Understanding the Tensor Product through Monads
Mark Hay
Note: This article presumes some prior knowledge of Monad/Functor/Applicative
I saw this on the Wikipedia page for Kronecker product:
The first thought that came to my mind was “Hey, that looks like a Monad!” Specifically, multiplying every element of A
by B
, then flattening the result reminds me of the List
Monad instance, where bind
is equivalent to flatMap
: first map the function a -> [b]
to get a nested list [[b]]
, then flatten the nesting to get [b]
. In the same way, the Kronecker product creates a series of nested matrices, which are then flattened into a normal 2D matrix by displaying each of the inner matrices in block format.
Let’s see if we can code it up in Haskell:
-- Matrix with unrestricted dimension
newtype Matrix a = Matrix { unMatrix :: [[a]] }
-- Show instance for convenience
instance Show a => Show (Matrix a) where
show (Matrix m) = show m
-- fmap: map the function across every single element of the matrix
instance Functor Matrix where
fmap f = Matrix . map (map f) . unMatrix
Here we define a Matrix
type as a nested list, a Show
instance for convenience, and a Functor
instance where we define how to map
a function across every element of a Matrix
.
ghci> Matrix [[1,2],[3,4]]
[
[1,2],
[3,4]
]
-- Multiply every element by 10
ghci> fmap (*10) (Matrix [[1,2],[3,4]])
[
[10,20],
[30,40]
]
Here’s an illustration of the previous example:
Now we get to Applicative
instance. pure
is easy – just make a single element matrix. But what about <*> :: f (a -> b) -> f a -> f b
? How do we apply a Matrix
of functions to a Matrix
of single elements? It turns out that we can do exactly what is shown in the picture at the beginning of the article! We can simply apply each function we have in the Matrix
:
blockedAp :: Matrix (a -> b) -> Matrix a -> Matrix (Matrix b)

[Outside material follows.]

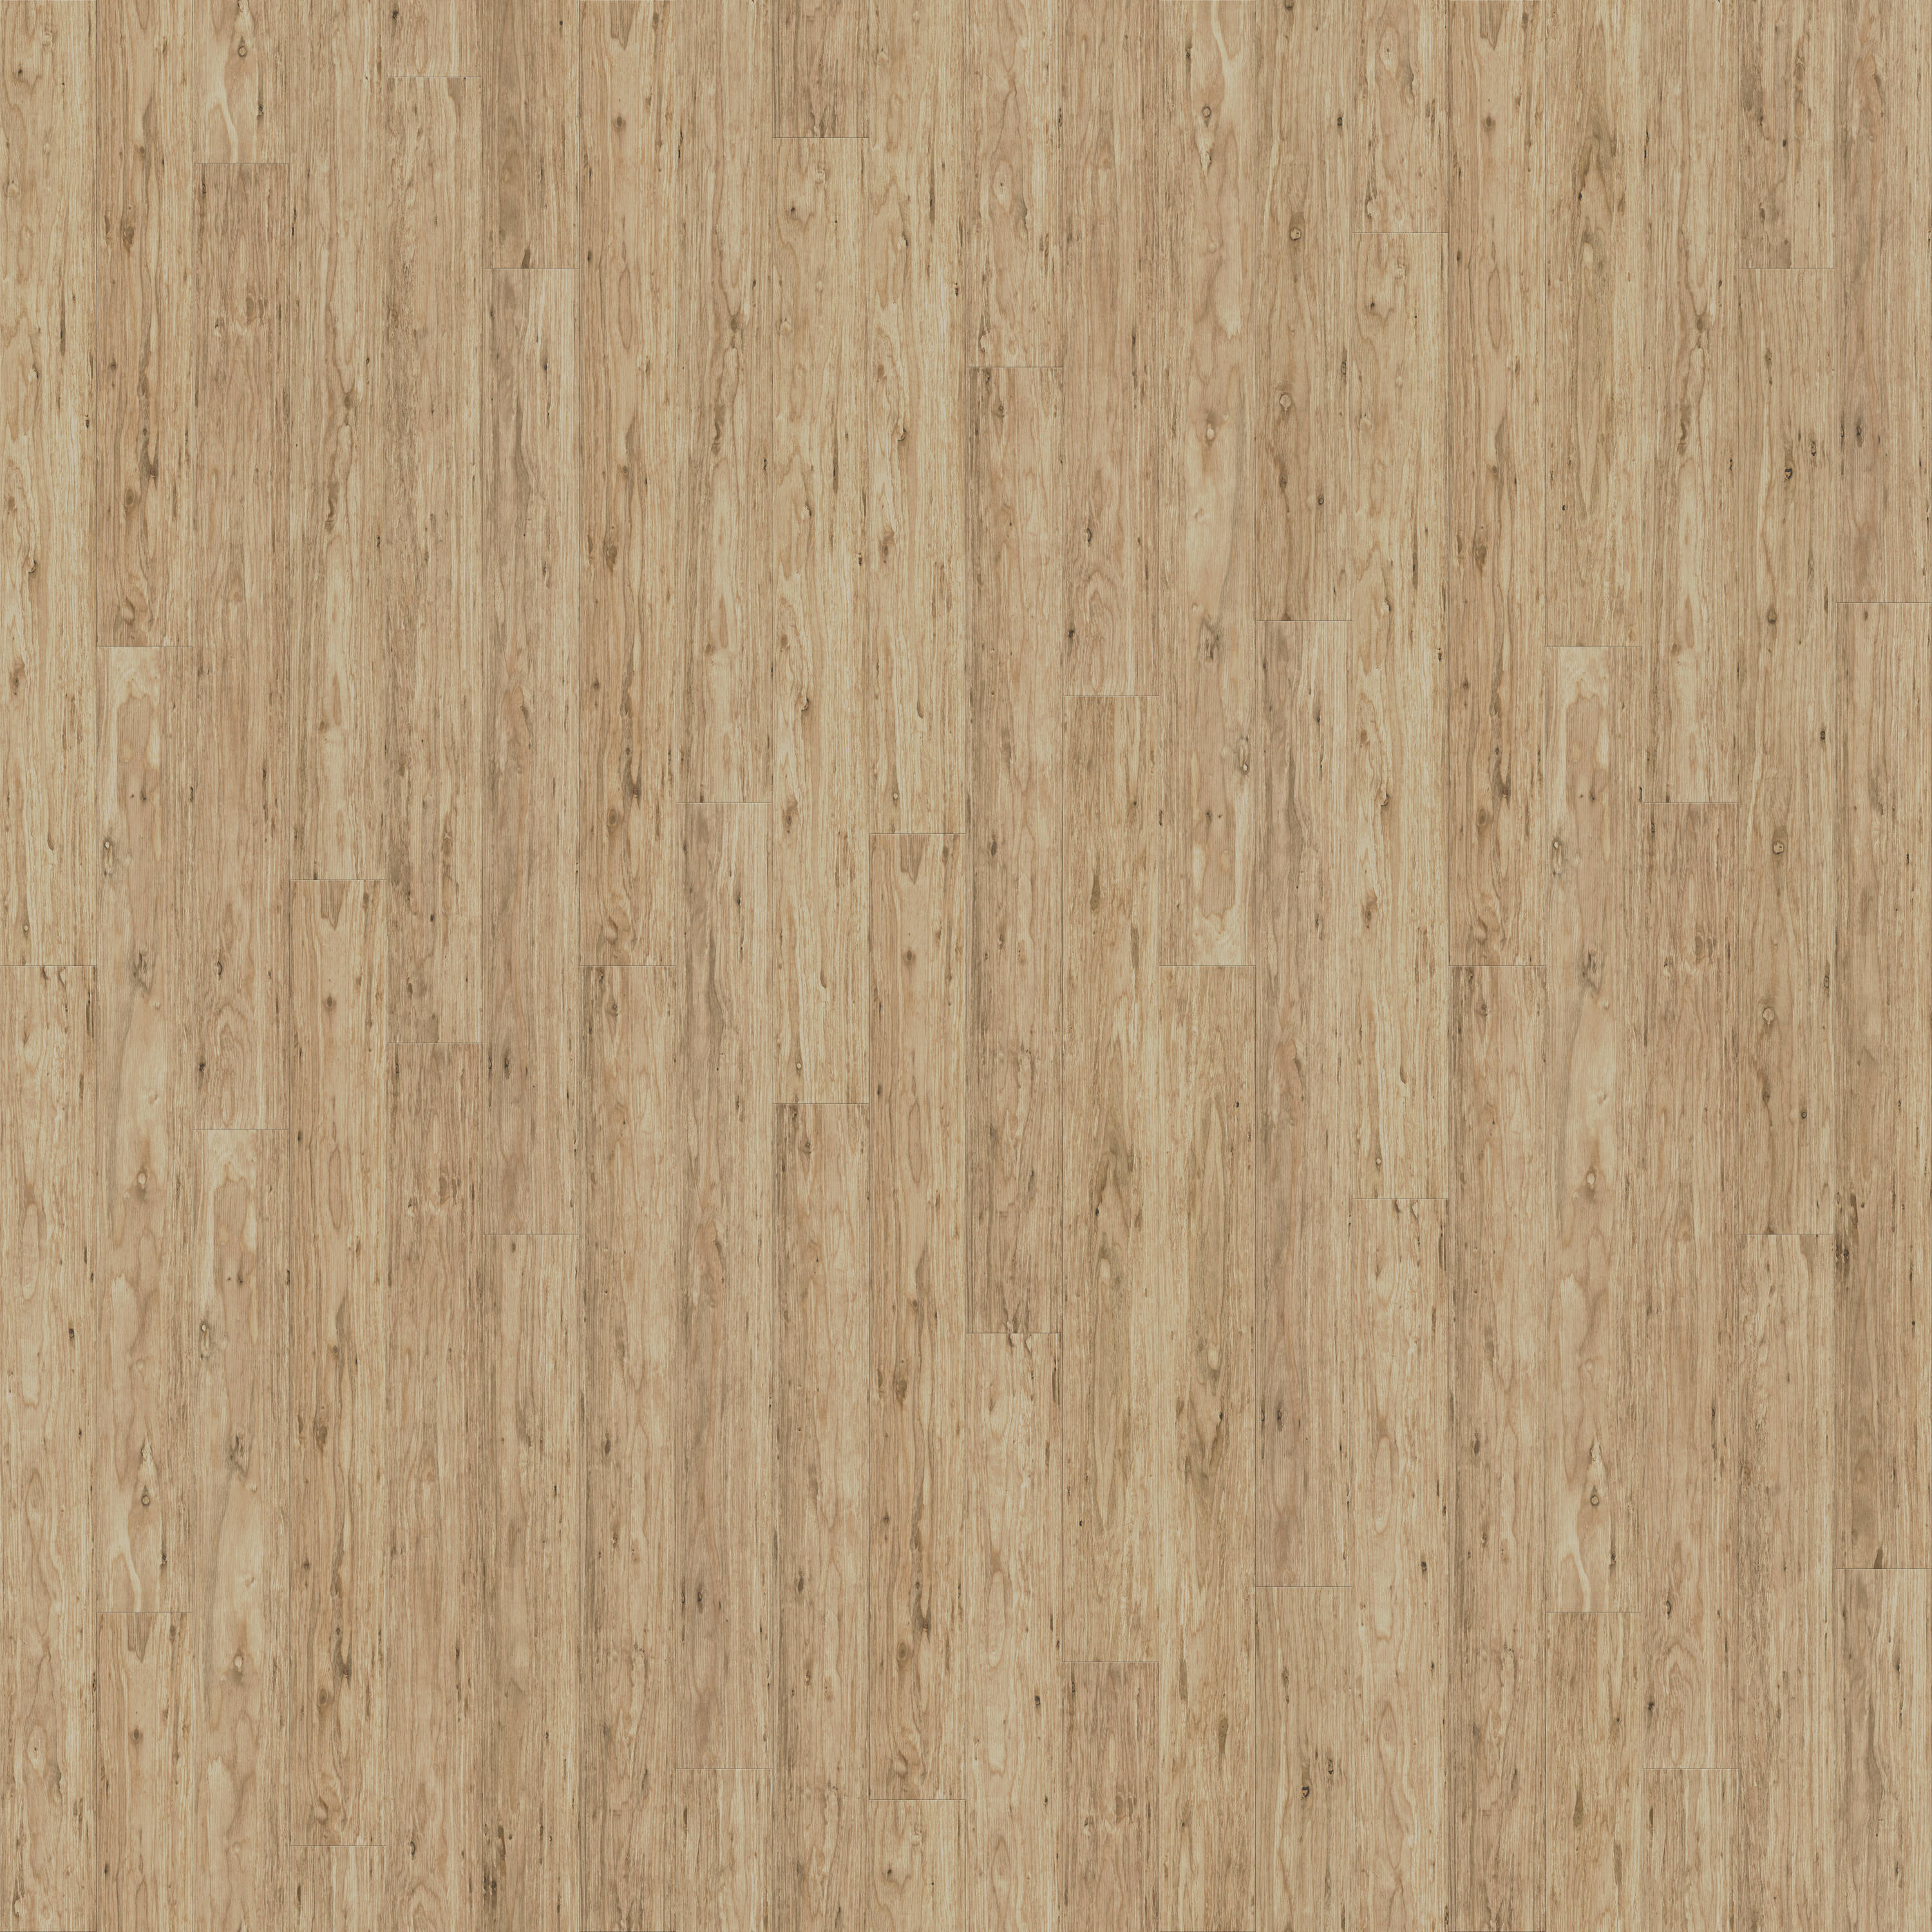 Fossilized Natural Eucalyptus 5-1/8-in W x 9/16-in T x Smooth/Traditional Solid Hardwood Flooring (27.3-sq ft) in Gold | - CALI 7007007600

blockedAp (Matrix ff) a = Matrix $
for ff $ \row ->
for row $ \f ->
fmap f a
This function doesn’t get us fully there; it returns a nested Matrix (Matrix b)

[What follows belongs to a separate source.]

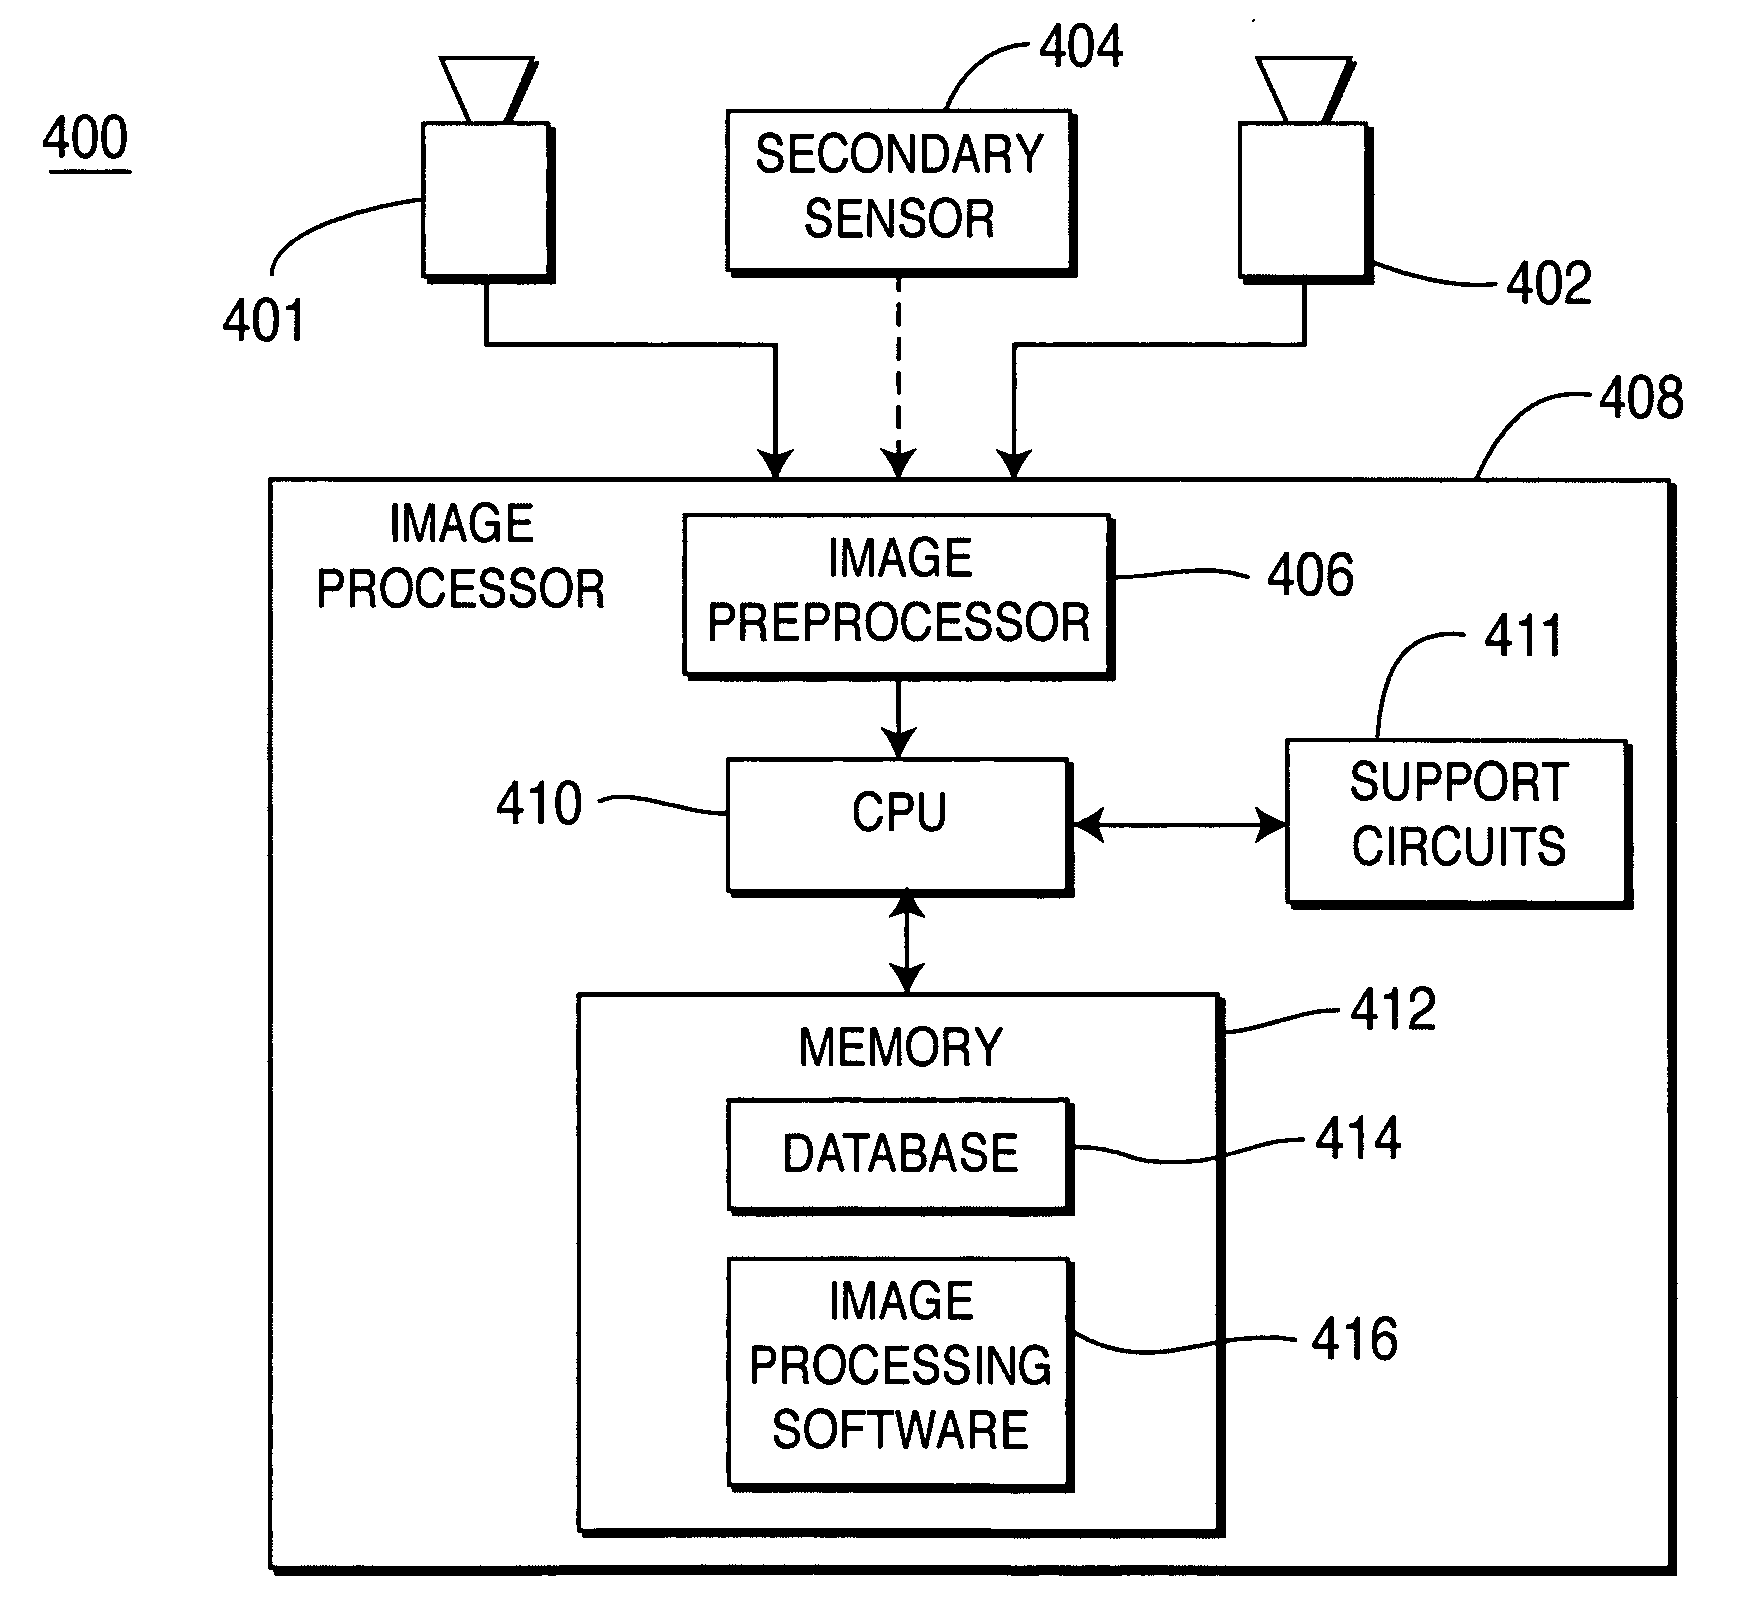 Method and apparatus for testing stereo vision methods using stereo imagery data

, where the definition of <*>
asks for a Matrix b
. But this is just a block matrix:
And just like in the Kronecker product, we can flatten the blocked matrix:
-- Flatten a block matrix
unblock :: Matrix (Matrix a) -> Matrix a
unblock (Matrix mm) = Matrix $ concatMap (foldl unblockRow []) mm
where
unblockRow [] (Matrix m) = m
unblockRow acc (Matrix m) = zipWith (++) acc m
We can then put these together and get the Applicative
instance.
instance Applicative Matrix where
pure v = Matrix [[v]]
(<*>) ff a = unblock (blockedAp ff a)
ghci> ff = Matrix [[(*2), (*3)], [(*4), (*5)]]

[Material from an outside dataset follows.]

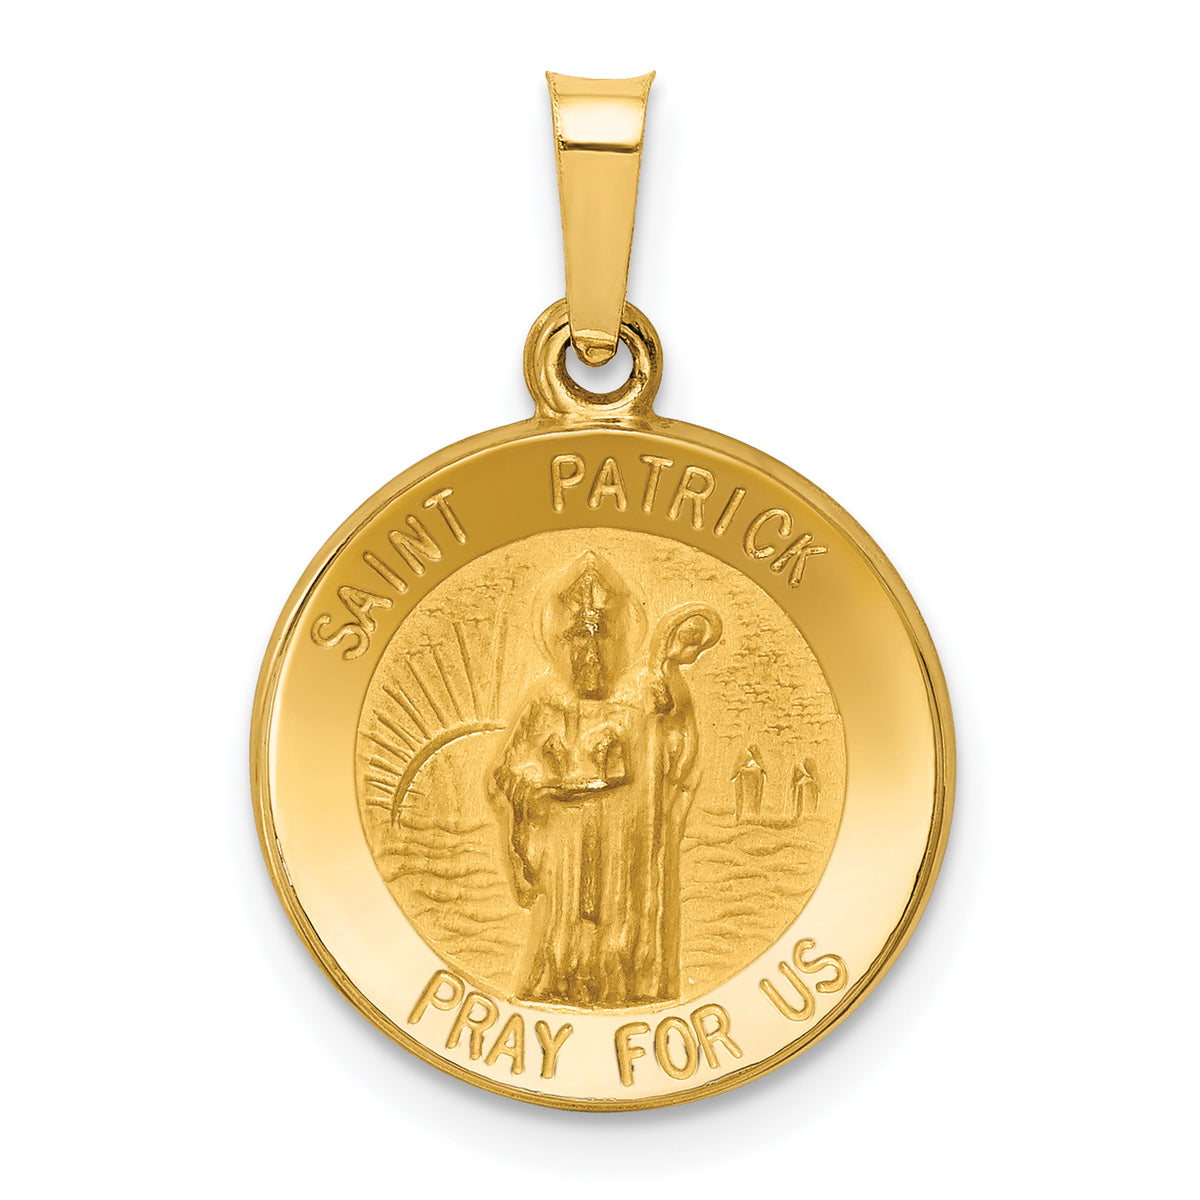 14k Polished and Satin St Patrick Medal Hollow Pendant

ghci> a = Matrix [[1, 10], [100, 1000]]
ghci> ff <*> a
[
[2,20,3,30],
[200,2000,300,3000],
[4,40,5,50],
[400,4000,500,5000]
]
ghci>
Now we can define the Kronecker product in terms of the Applicative
:
ghci> kronecker a b = (fmap (*) a) <*> b
ghci> kronecker (Matrix [[2,4]]) a
[
[2,20,4,40],
[200,2000,400,4000]
]
But what about Monad
? I tried to derive a Monad
instance using unblock
and fmap
, but it’s not necessarily lawful, because the function argument to bind
can return different matrix sizes for different inputs. For example:
ghci> let f x = if x == 0 then Matrix [[]] else Matrix [[1,2],[3,4]]
ghci> (Matrix [[0,2]] >>= f) >>= return
[[1,2]]
ghci> (Matrix [[0,2]]) >>= (\x -> f x >>= return)
[[1,2],[3,4]]
This violates the monad associativity law: (m >>= g) >>= h = m >>= (\x -> g x >>= return)
. So we have to settle for Applicative
unless there’s a different, lawful definition.